Following directional signs through the city, I eventually reached the Apartheid Museum. I pulled under the turreted entrance arch, sign reading: "Gold Reef City Theme Park and Casino- and Apartheid Museum." Walking from my car to the entrance, I was unsettled by the sound of screams- a disturbing sound installation meant to evoke the horrors of apartheid?- until I realized it was coming from the roller coaster at the amusement park that shares the property with the Apartheid Museum. The museum itself was designed a little like a theme park, with separate entrances for whites and non-whites meant to evoke the racial segregation. The exhibits curved through chainmetal and brick, past photos of domestic workers and Apartheid's architects. The archival video footage was particularly interesting. At a section on Afrikaner nationalism, they showed a 1930s film made to chronicle South Africa's history. Ships pulled into Table Bay, and a gallant Van Riebeek was greeted on shore by a group of kneeling, worshipping khoi-khoi. Another room featured footage of the ultimate right-wing reaction to the fall of apartheid, which manifested itself mainly in obese men dressing themselves in khaki and forming a militia. The museum was designed to tell two stories at once; of a people fighting and praying and dying for freedom, and of a group terrified to lose the way of life they felt they had earned.

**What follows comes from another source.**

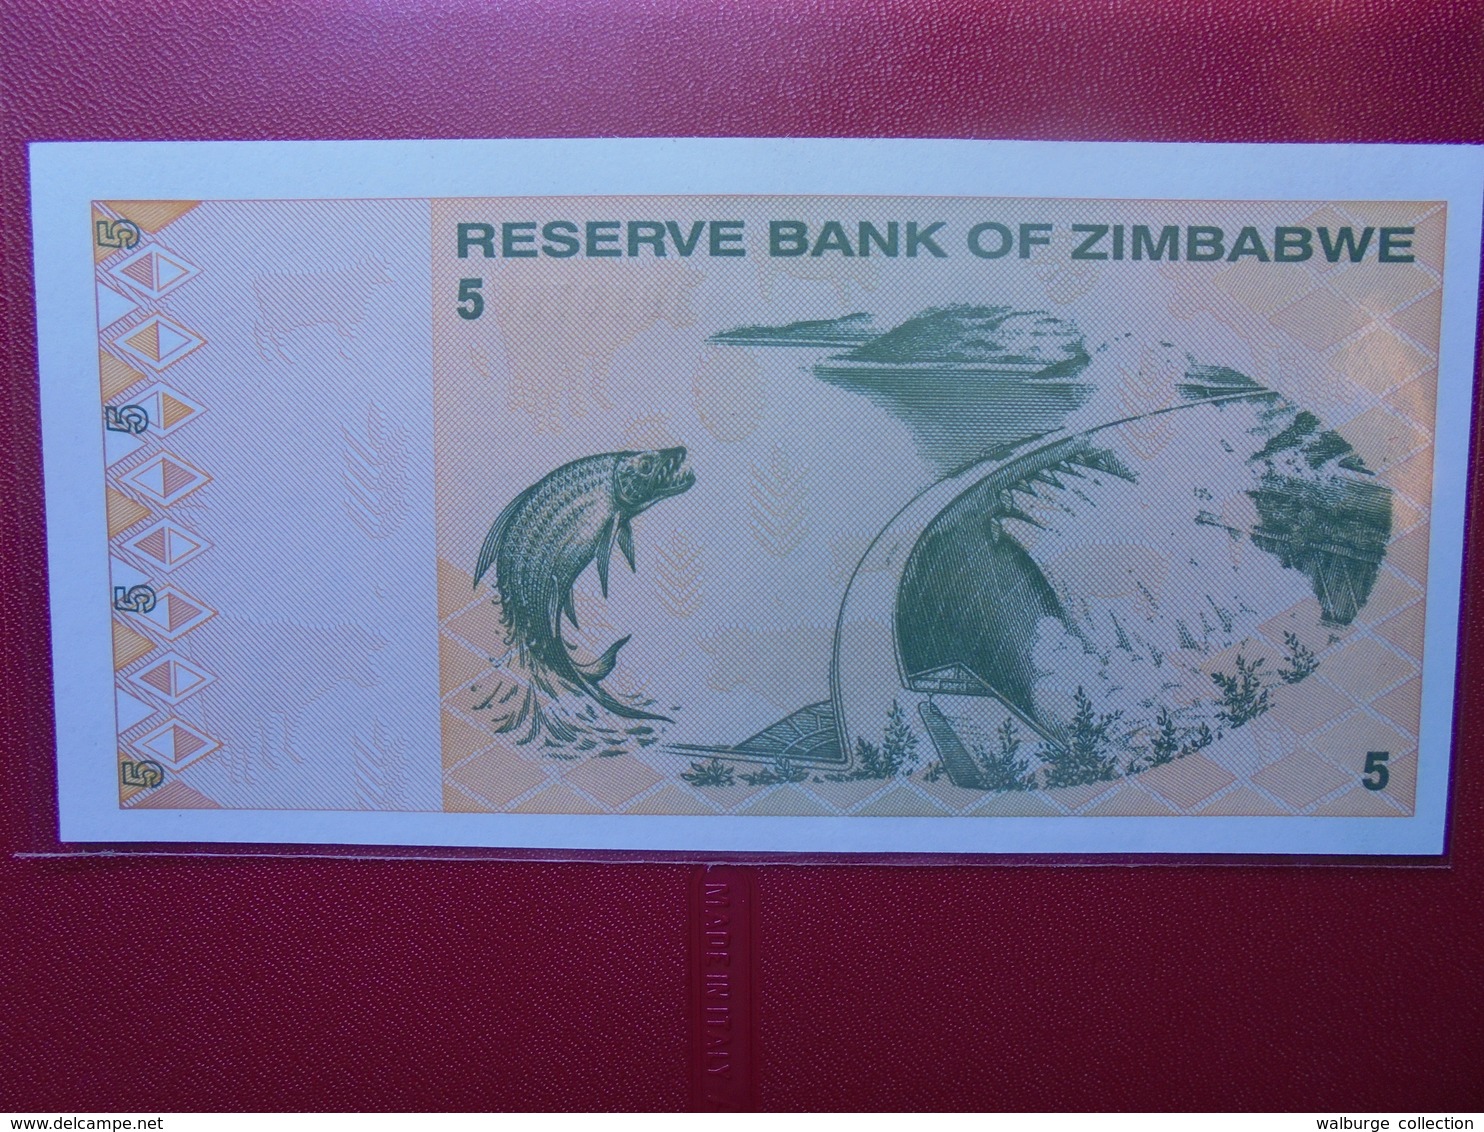 ZIMBABWE 5 $ 2009 PEU CIRCULER/NEUF - Zimbabwe

Leaving the Apartheid Museum, I looked out at the city skyline through the rides at Gold Reef City. I walked through the parking lot at Gold Reef City, which was of course much more full than the parking lot at the Apartheid Museum. It reminded me of something I had read in the apartheid museum: that in the face of apartheid, most people, white and black, chose to simply go on living, and to make the best of it that they could. Looking at the plaster statues of miners and crowds of children, I opted not to go to the themepark, but chose instead to pursue my own playground. I headed back to Melville, for lunch at the stylish 7th street cafe, Loft.